- TASK BRIEF: In the entries below, which lines run from the one containing "Infographic demonstrating the" to the one containing "CLOSE UP OF"? Copy exactly those lines, ends included, and no others.

- DATA PROVIDED:
= Beginning of Section =
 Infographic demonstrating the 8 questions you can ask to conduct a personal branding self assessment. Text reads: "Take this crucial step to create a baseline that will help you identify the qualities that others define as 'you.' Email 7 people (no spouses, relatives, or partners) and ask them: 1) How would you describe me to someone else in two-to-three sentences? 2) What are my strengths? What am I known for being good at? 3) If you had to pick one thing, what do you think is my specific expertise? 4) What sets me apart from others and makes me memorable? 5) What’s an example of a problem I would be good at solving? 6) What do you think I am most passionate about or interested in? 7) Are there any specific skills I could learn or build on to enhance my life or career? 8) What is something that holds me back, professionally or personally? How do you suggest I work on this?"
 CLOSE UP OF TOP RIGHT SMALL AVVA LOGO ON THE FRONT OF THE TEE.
= End of Section =
= Beginning of Section =
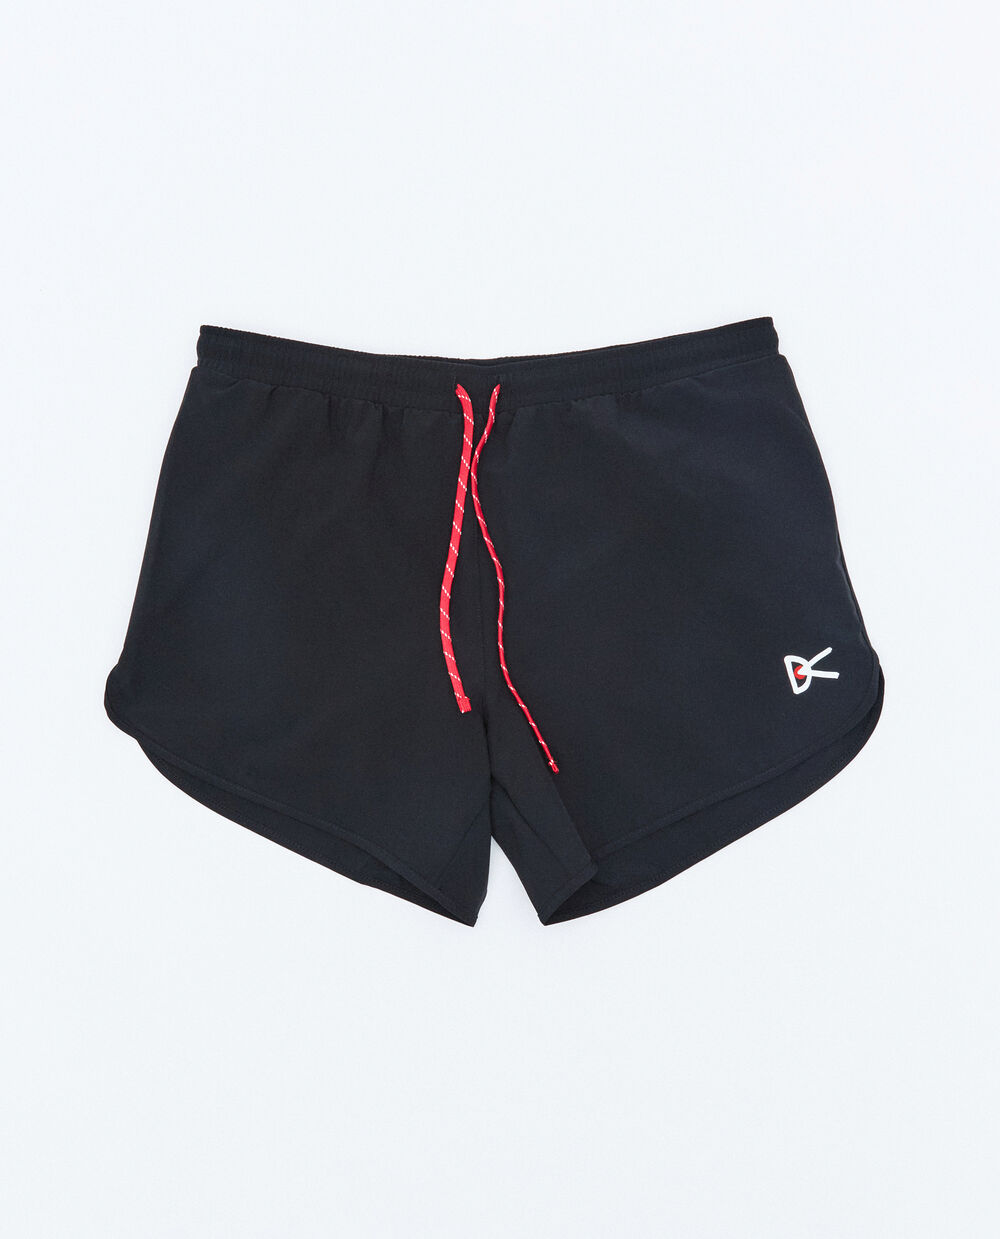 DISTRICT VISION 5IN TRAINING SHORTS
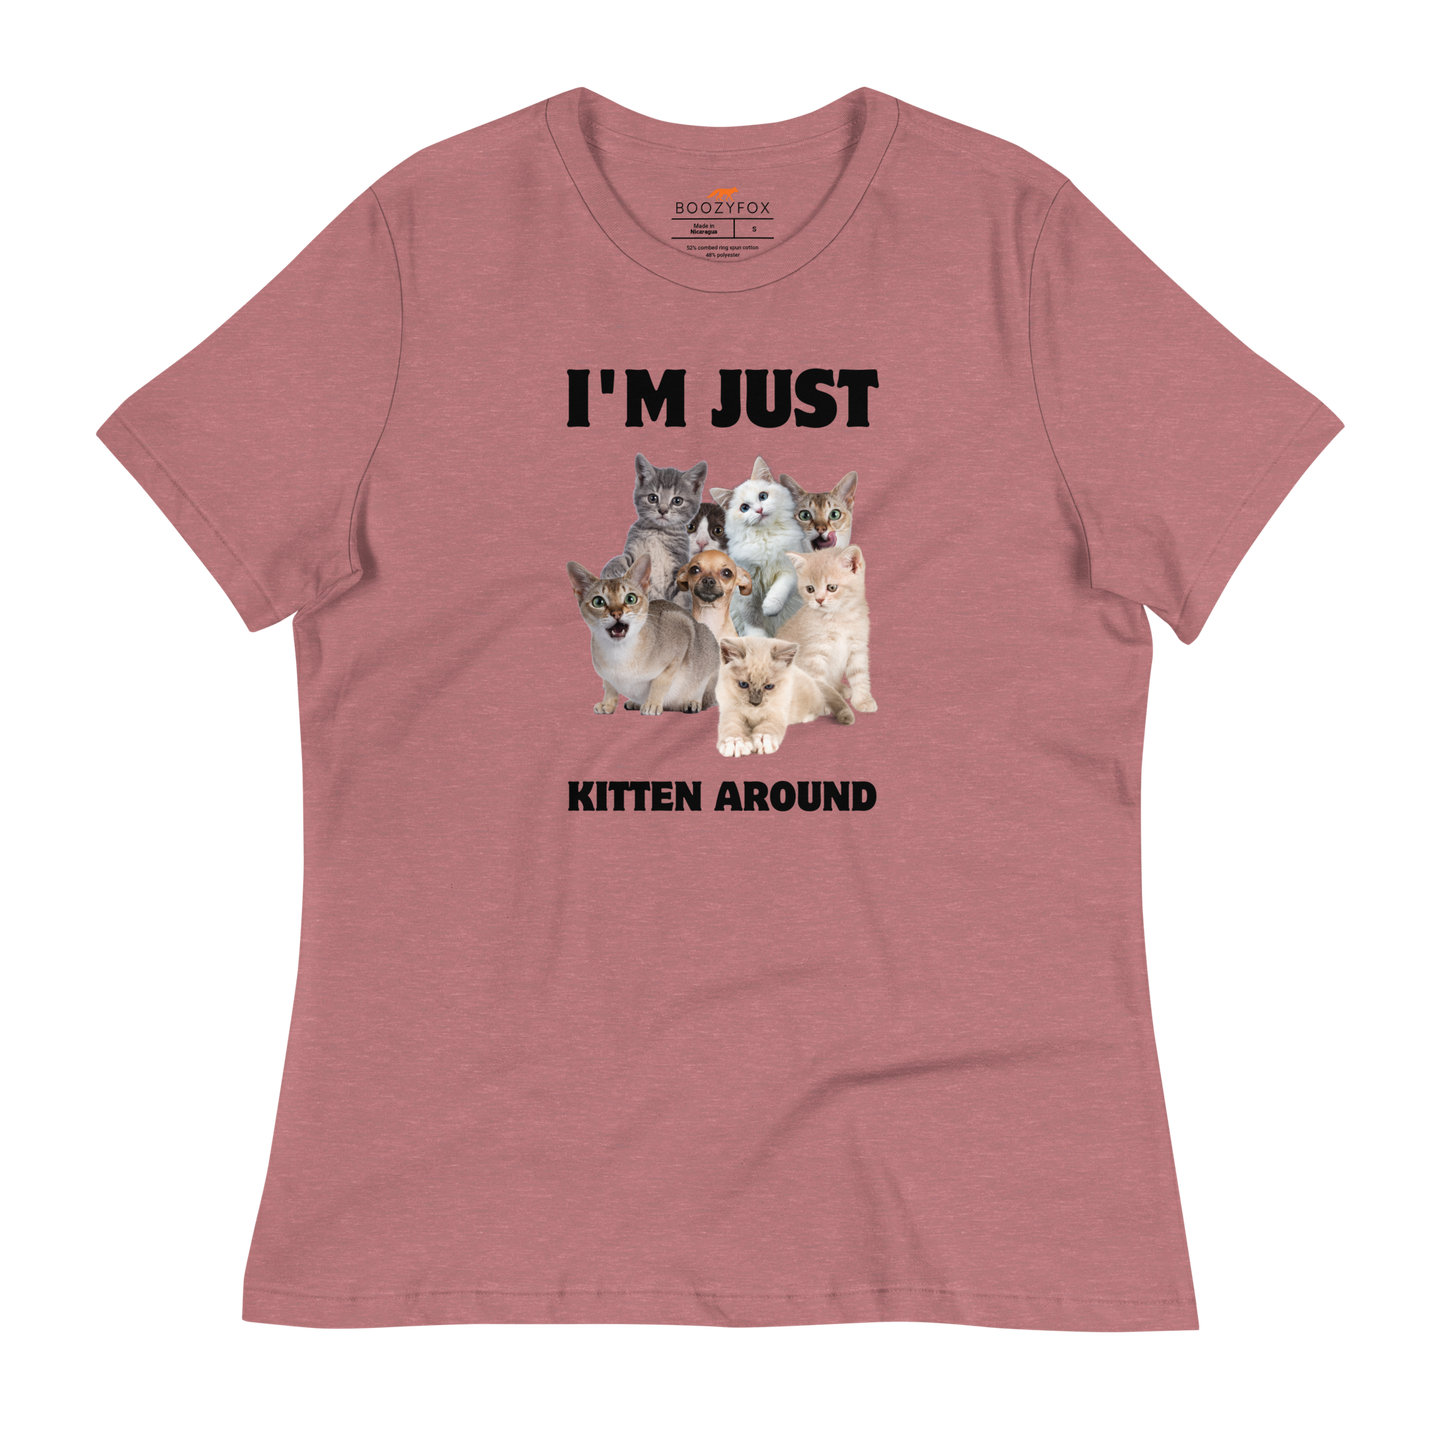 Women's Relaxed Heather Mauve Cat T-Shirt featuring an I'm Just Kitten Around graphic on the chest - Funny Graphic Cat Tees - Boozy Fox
= End of Section =
= Beginning of Section =
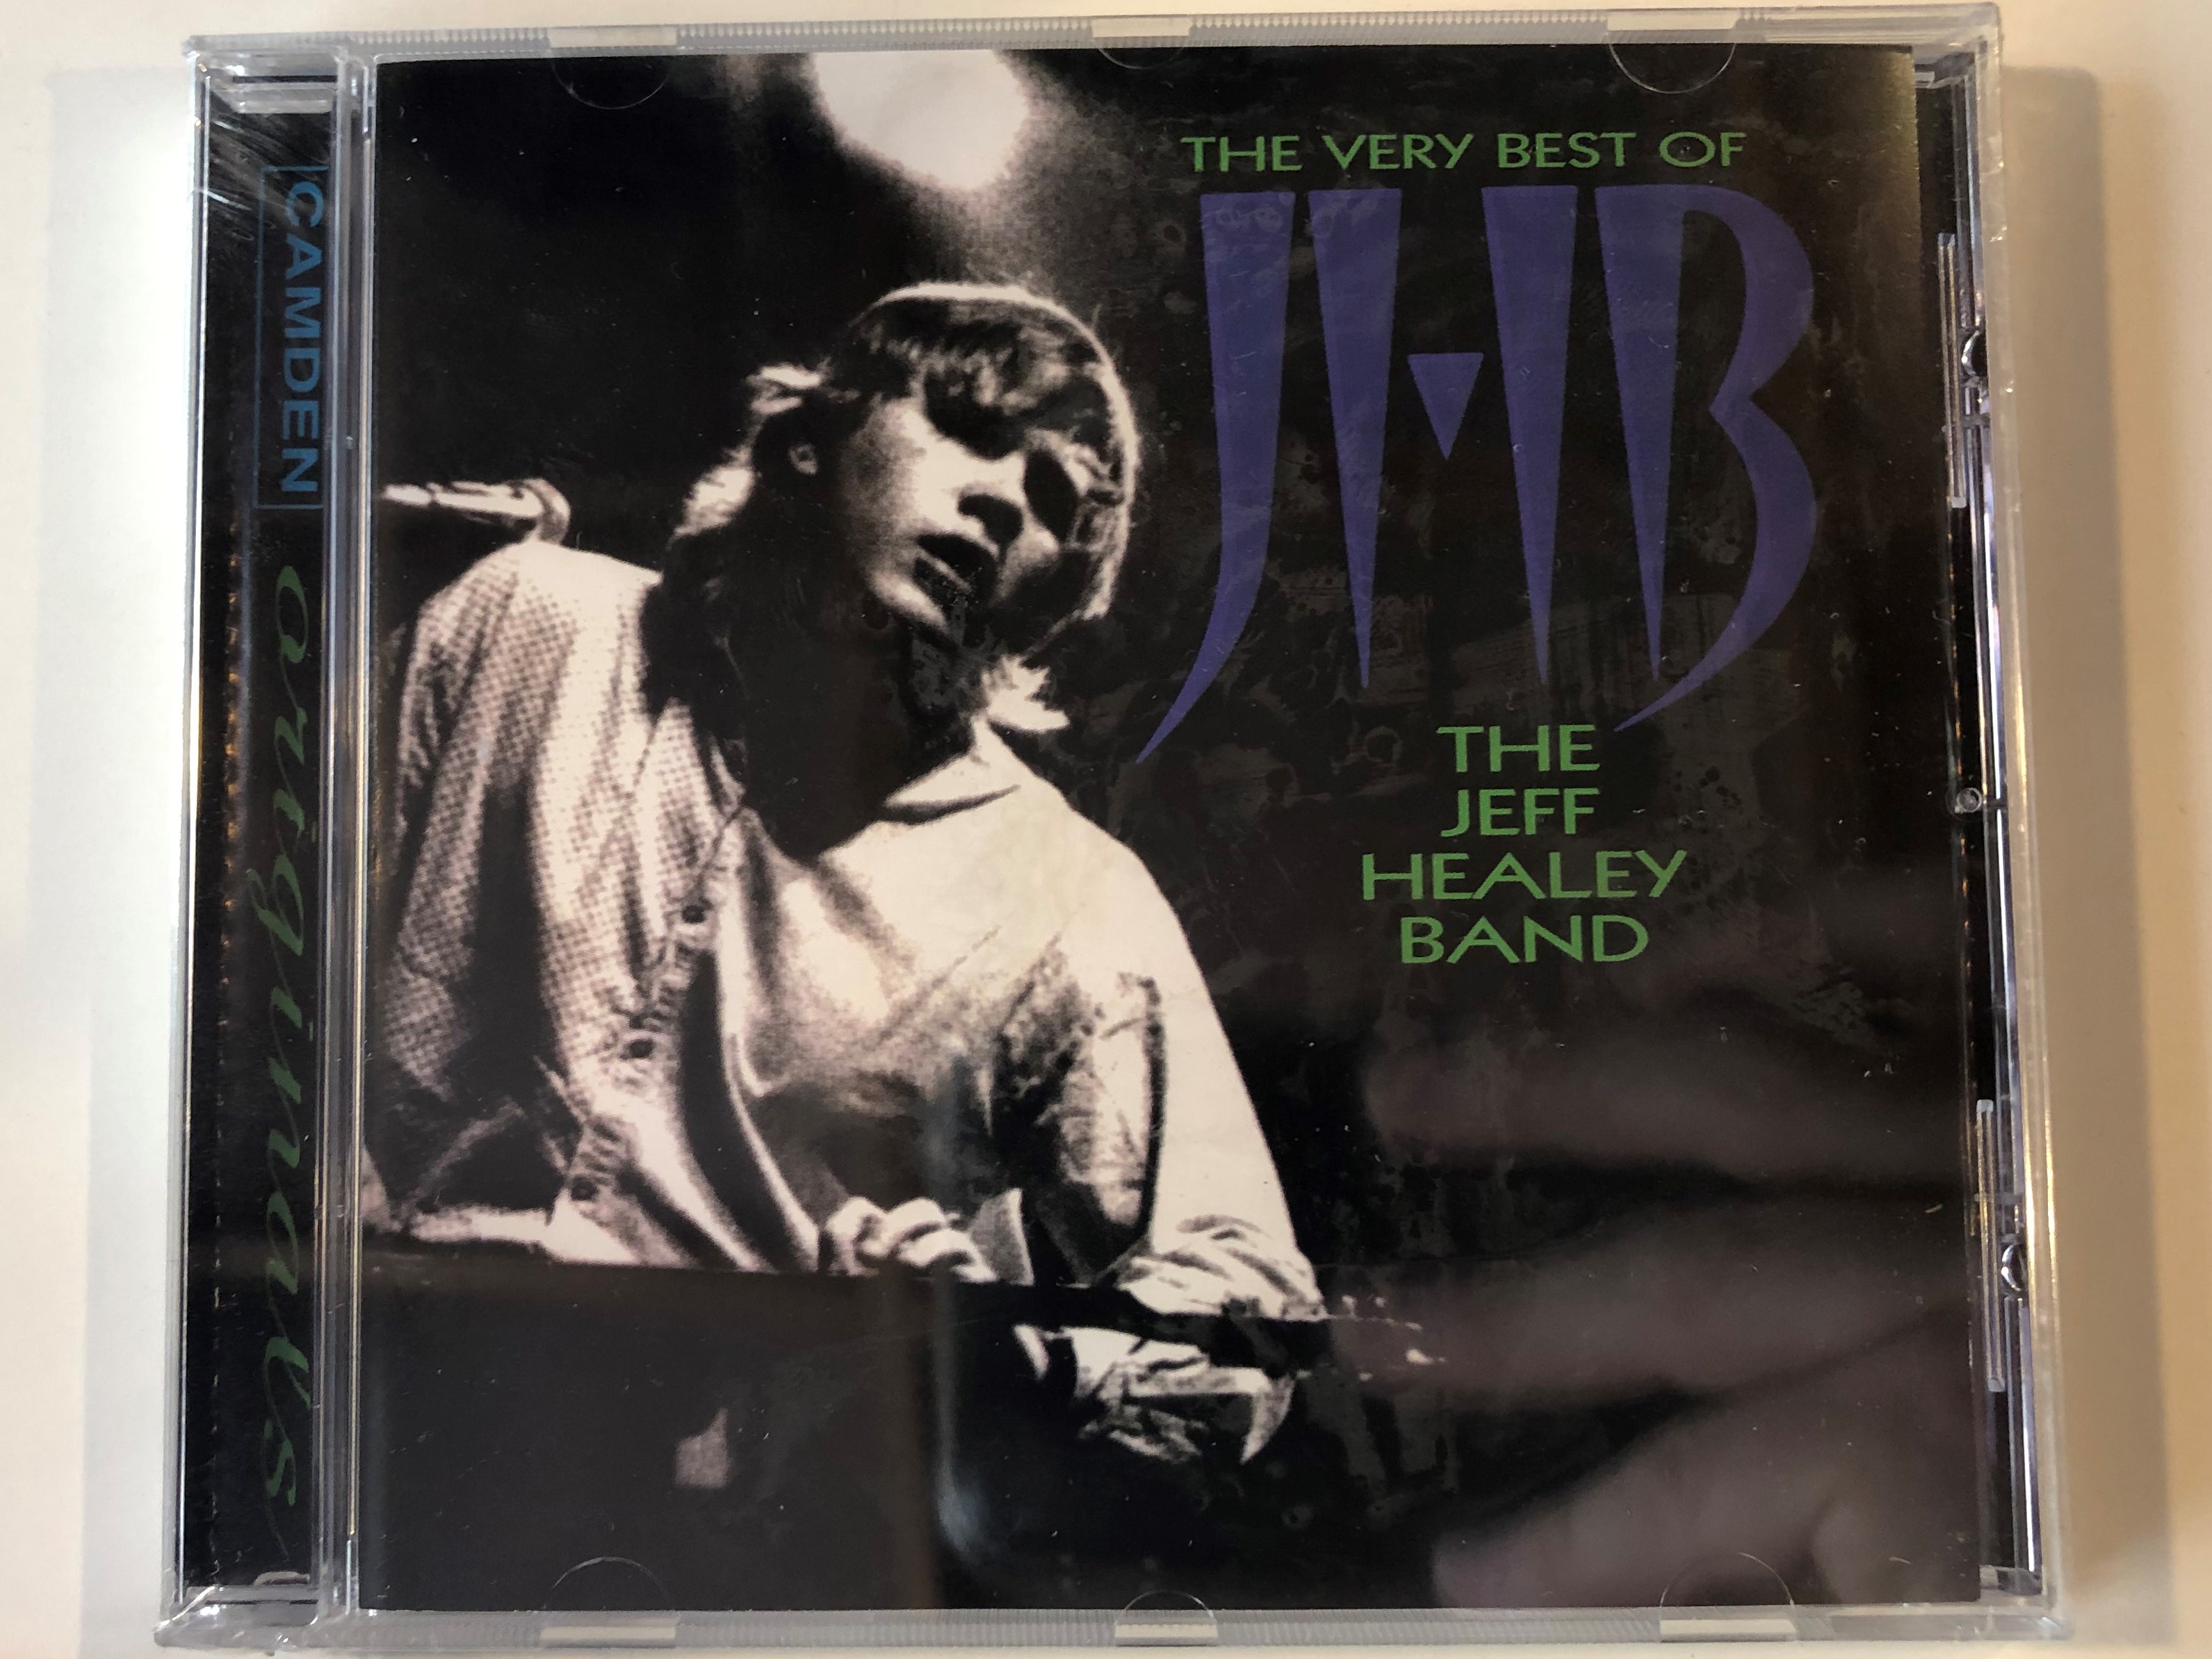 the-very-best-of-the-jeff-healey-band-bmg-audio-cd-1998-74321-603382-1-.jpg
= End of Section =
- EXERCISE RESPONSE:
 Infographic demonstrating the 8 questions you can ask to conduct a personal branding self assessment. Text reads: "Take this crucial step to create a baseline that will help you identify the qualities that others define as 'you.' Email 7 people (no spouses, relatives, or partners) and ask them: 1) How would you describe me to someone else in two-to-three sentences? 2) What are my strengths? What am I known for being good at? 3) If you had to pick one thing, what do you think is my specific expertise? 4) What sets me apart from others and makes me memorable? 5) What’s an example of a problem I would be good at solving? 6) What do you think I am most passionate about or interested in? 7) Are there any specific skills I could learn or build on to enhance my life or career? 8) What is something that holds me back, professionally or personally? How do you suggest I work on this?"
 CLOSE UP OF TOP RIGHT SMALL AVVA LOGO ON THE FRONT OF THE TEE.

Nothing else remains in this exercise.